The tutorial follows on from the "Tutorial Notes Advanced Part 1: Motif search at Josquin". The first steps are therefore identical. However, we have chosen another music example: a composition by a composer in whom the use of motifs plays a particularly important role: the first movement of the String Quartet Op. 18, No. 1, by Ludwig van Beethoven.
from music21 import *
url = 'https://analyse.hfm-weimar.de/database/03/BeLuva_Op18_1-6_1-4_StringQuar_003_00104.xml'
music = converter.parse(url)
music.show()
In order to search for repetitions of the opening motive in exactly the same rhythmic structure, the melodic pattern must now be defined in rhythmic terms as well:
StreamMot=stream.Stream()
StreamMot.append(note.Note('F', quarterLength=1.5))
StreamMot.append(note.Note('G', quarterLength= 0.25))
StreamMot.append(note.Note('F', quarterLength=0.25))
StreamMot.append(note.Note('E', quarterLength=0.5))
StreamMot.append(note.Note('F', quarterLength=0.5))

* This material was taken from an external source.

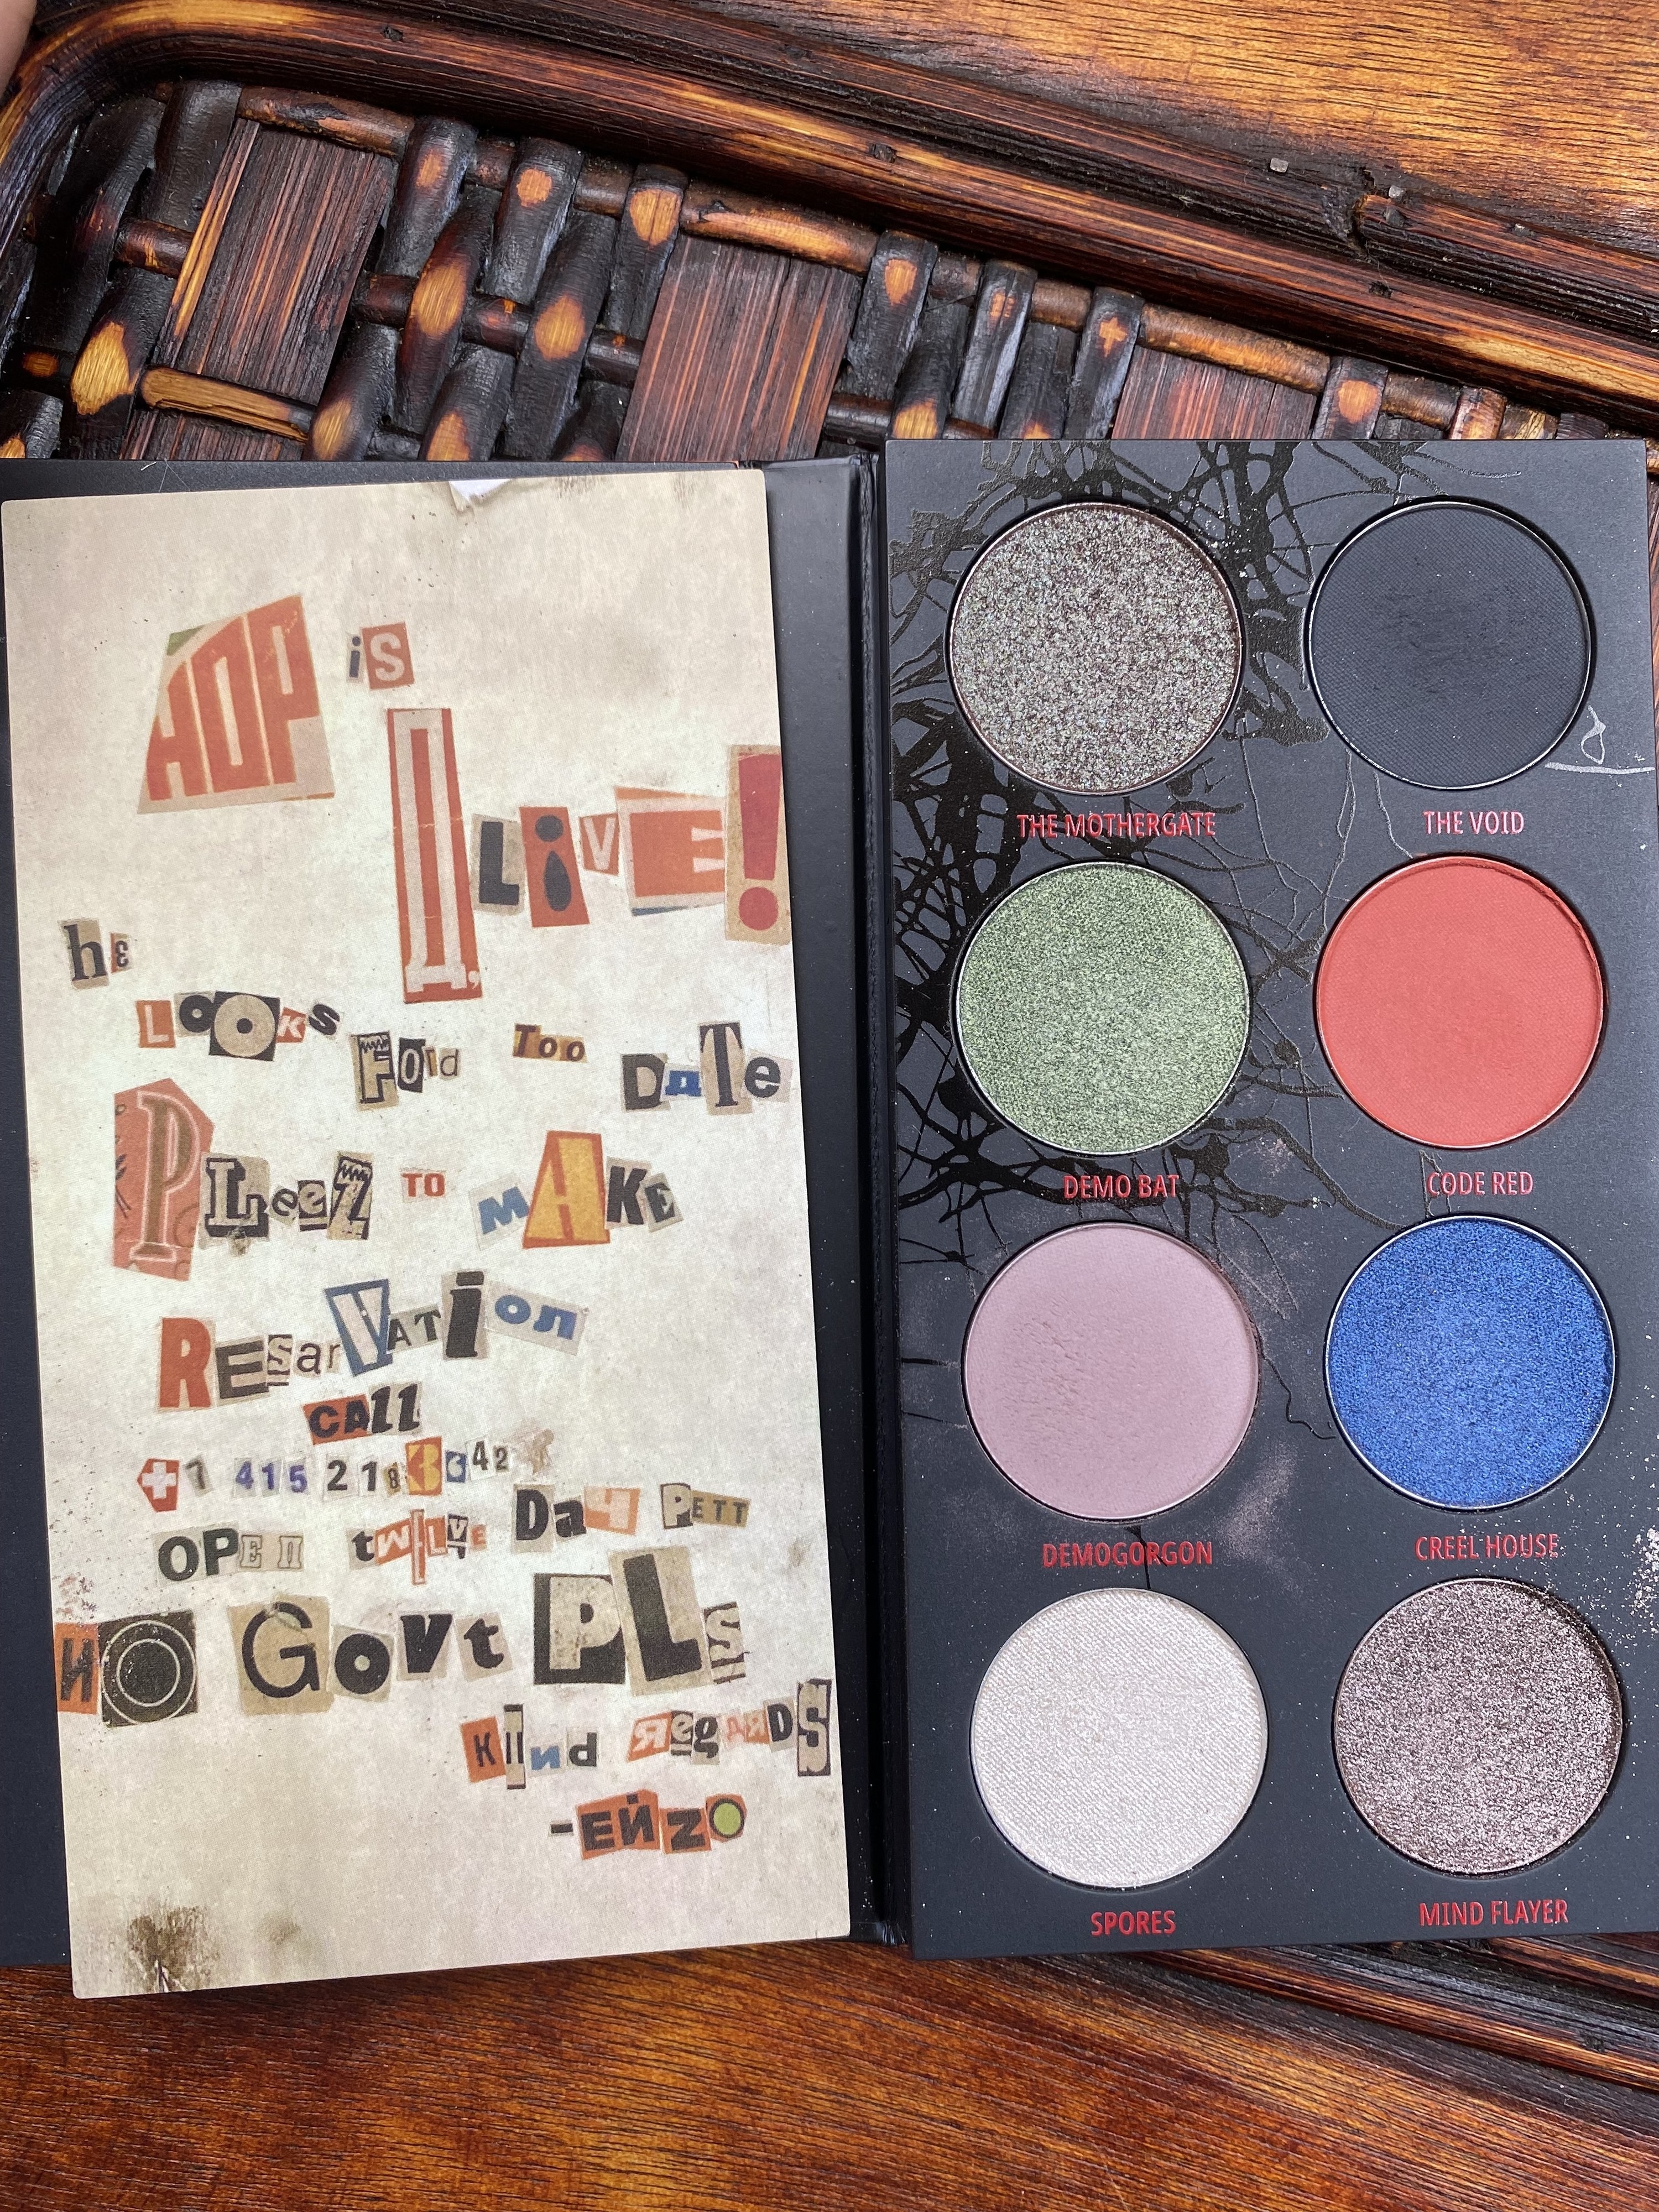 The Upside Down palette

# The addition 'quaterLength= ' refers to multiples of a quarter note = 1.
StreamMot.show()
s = music.recurse().notes
# The search is now created with the command 'search.noteNameRhythmicSearch'.
p = search.noteNameRhythmicSearch(s, StreamMot)
p
[75, 815, 821, 1933, 2847, 2853, 3202, 3735, 3741, 3908, 3914, 4011, 4017]

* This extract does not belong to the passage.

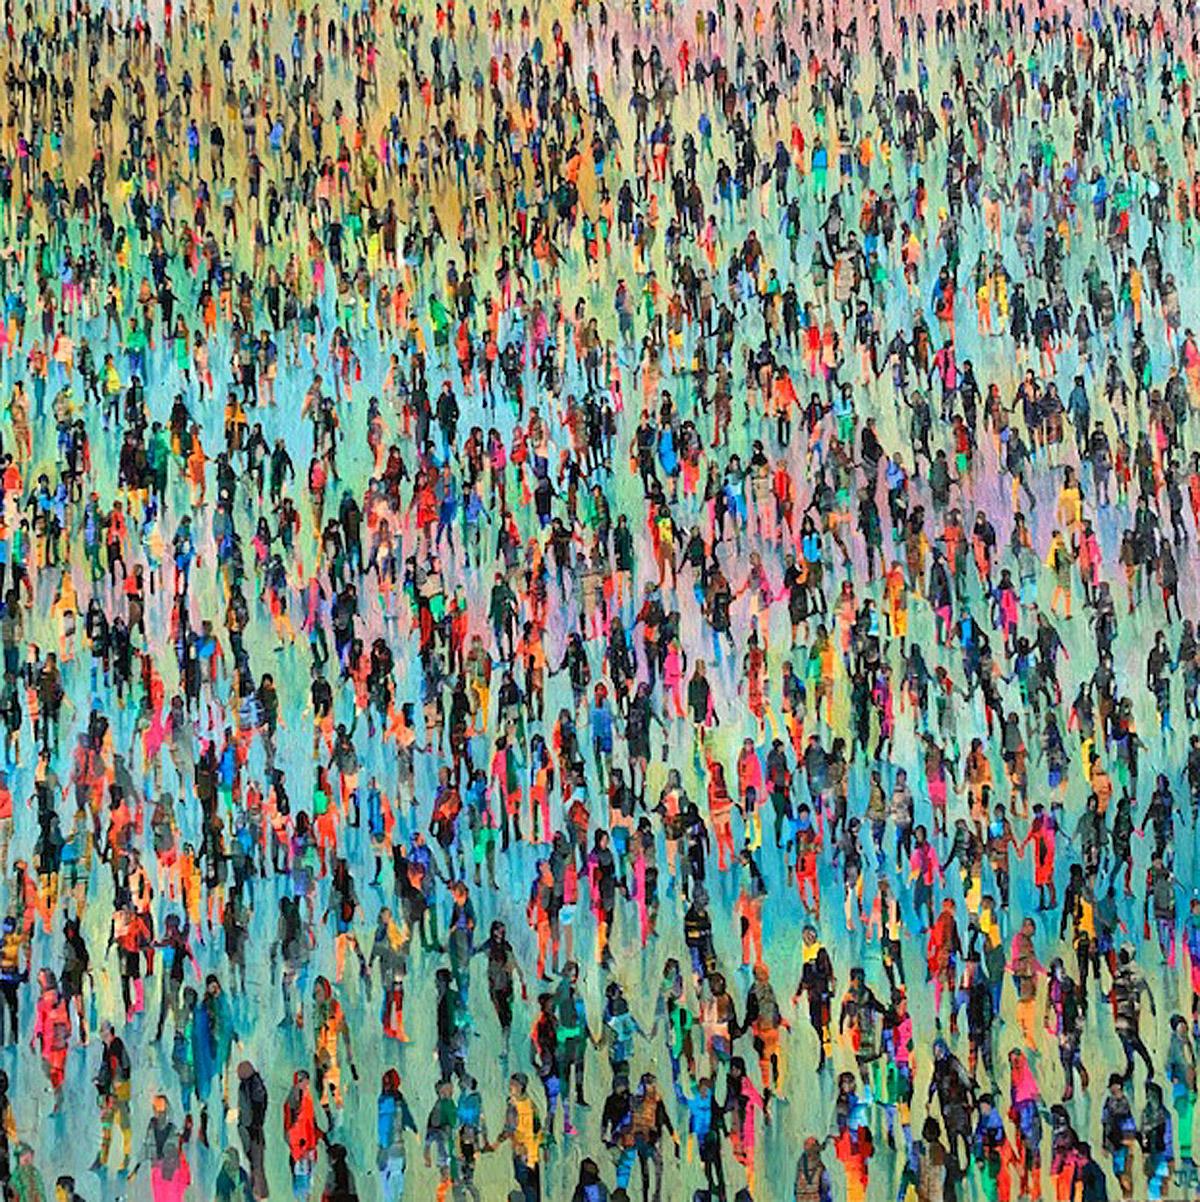 Julia Whitehead Figurative Painting - All the Colours - Figurative Crowd Scene: Figurative Oil Painting on Canvas

As expected, the motif appears relatively often: exactly 13 times!
print(len(p))
13
Determining the exact position in the score (measure, beat, voice):
counter=1
for Position in p:
startingNote=s[Position]
startingMeasure = startingNote.measureNumber
startingBeat = startingNote.beat
startingPart = startingNote.getContextByClass('Part')

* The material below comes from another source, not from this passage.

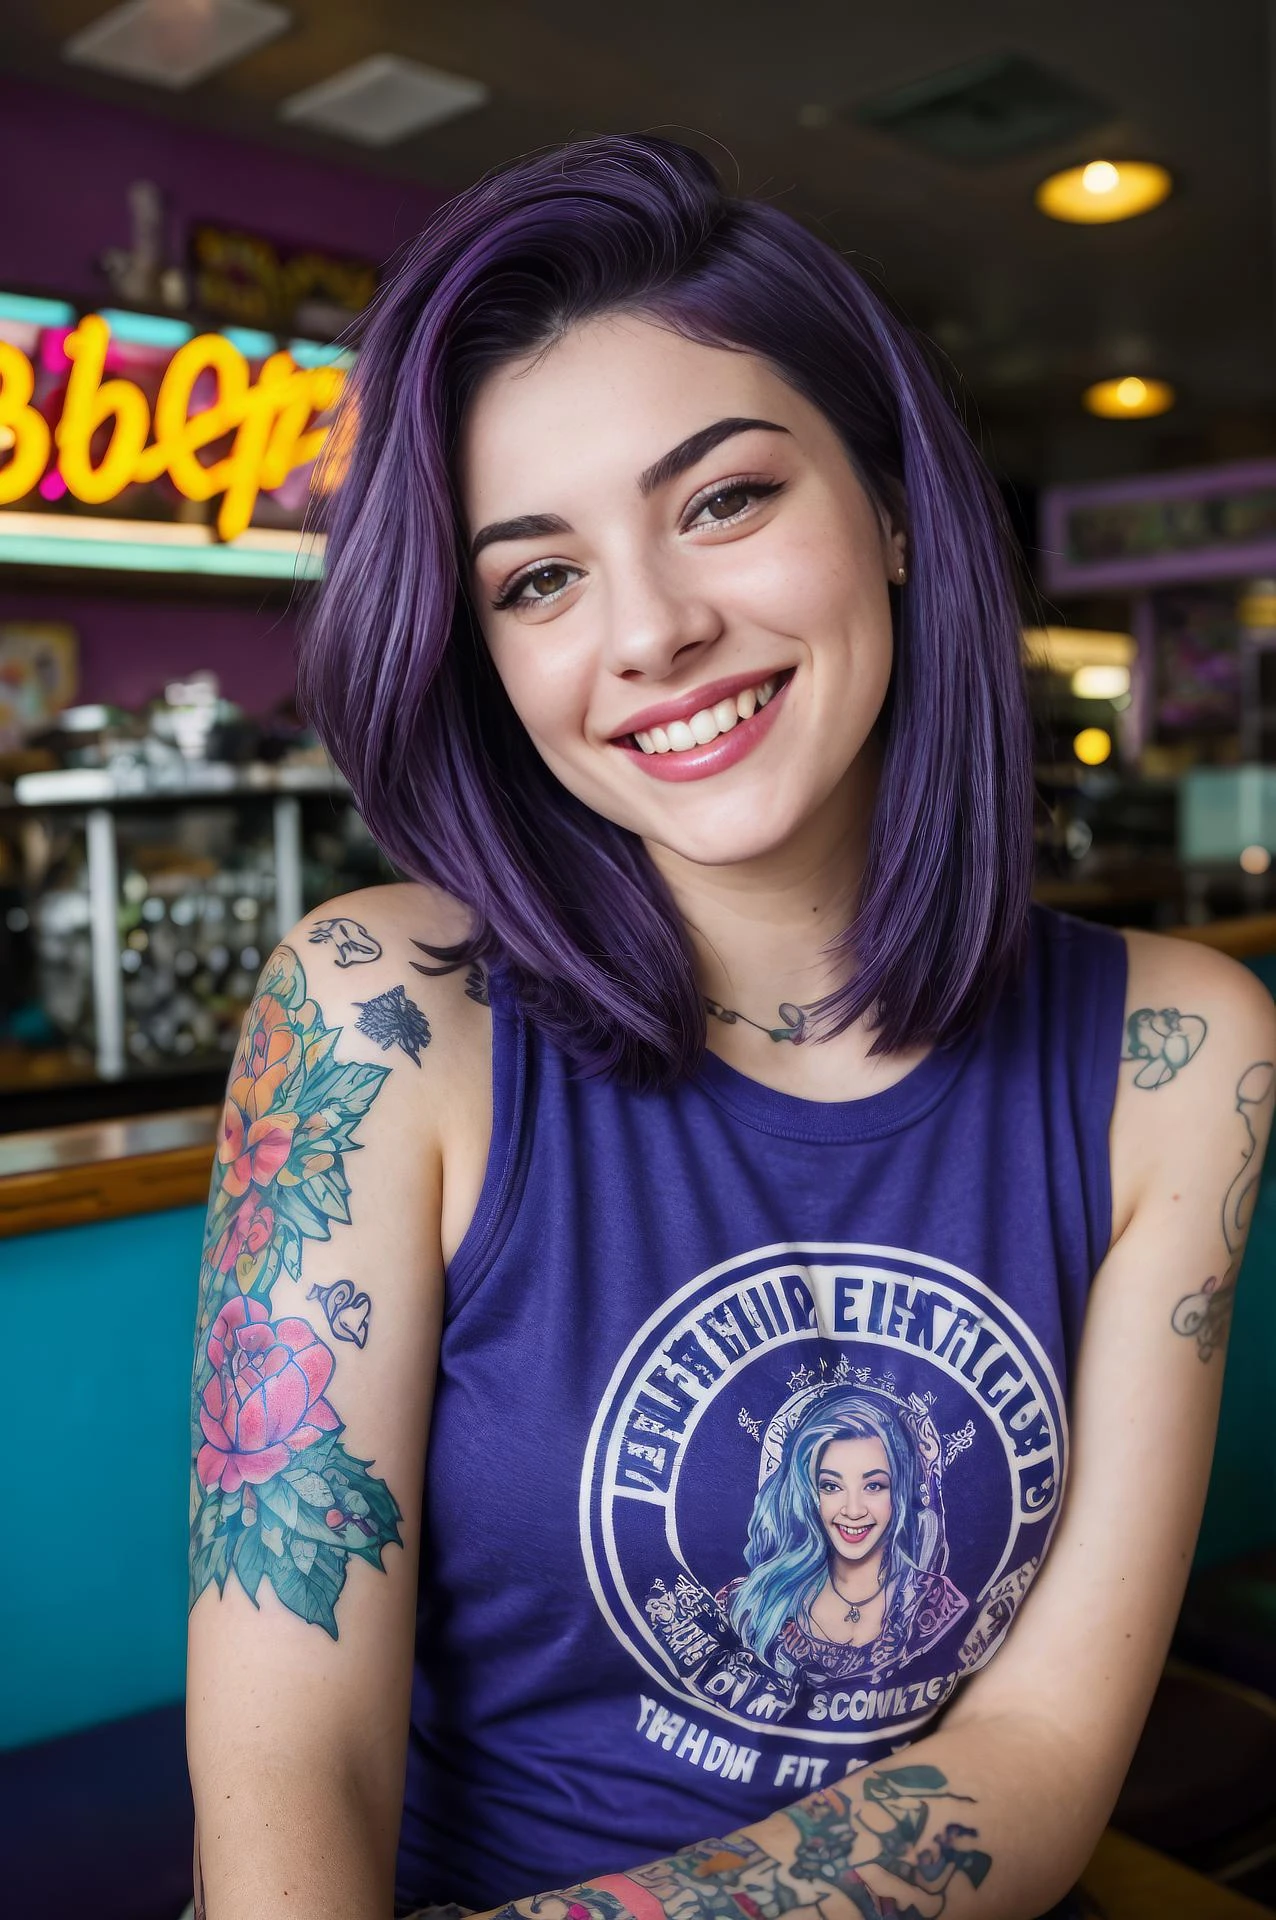 street photography photo of a young woman with purple hair, smile, happy, cute t-shirt, tattoos on her arms, sitting in a 50s diner

print('%2s %3s %3s' %(counter, startingNote.nameWithOctave, startingMeasure), startingBeat, startingPart)
counter+=1
1 F5 22 1.0 <music21.stream.Part Violin> 2 F5 179 1.0 <music21.stream.Part Violin> 3 F5 181 1.0 <music21.stream.Part Violin> 4 F4 181 1.0 <music21.stream.Part Violin> 5 F3 179 1.0 <music21.stream.Part Viola> 6 F3 181 1.0 <music21.stream.Part Viola> 7 F4 300 1.0 <music21.stream.Part Viola> 8 F2 179 1.0 <music21.stream.Part Violoncello> 9 F2 181 1.0 <music21.stream.Part Violoncello> 10 F3 262 1.0 <music21.stream.Part Violoncello> 11 F3 264 1.0 <music21.stream.Part Violoncello> 12 F2 302 1.0 <music21.stream.Part Violoncello> 13 F2 304 1.0 <music21.stream.Part Violoncello>
Marking in the score - we take the prominent position in M. 179-181, which appears in several parts at once:
for found in p:
for ffound in range(len(StreamMot)):
s[found+ffound].lyric = '*'
s[found+ffound].style.color='red'
music.measures(179,181).show()
Unfortunately, Beethoven very often did not notate the beginning of the motif as dotted crotchets, but rather as tied crotchets + eighth notes. Unfortunately, this notation is not included in the 13 search results.
To take these tied notes into account, a trick must be used in music21:
The command "stripTies" replaces two tied notes with a note of the same length. By this method, the motifs with overtied note values can now be determined.
music_tie = converter.parse(url).stripTies(inPlace=True)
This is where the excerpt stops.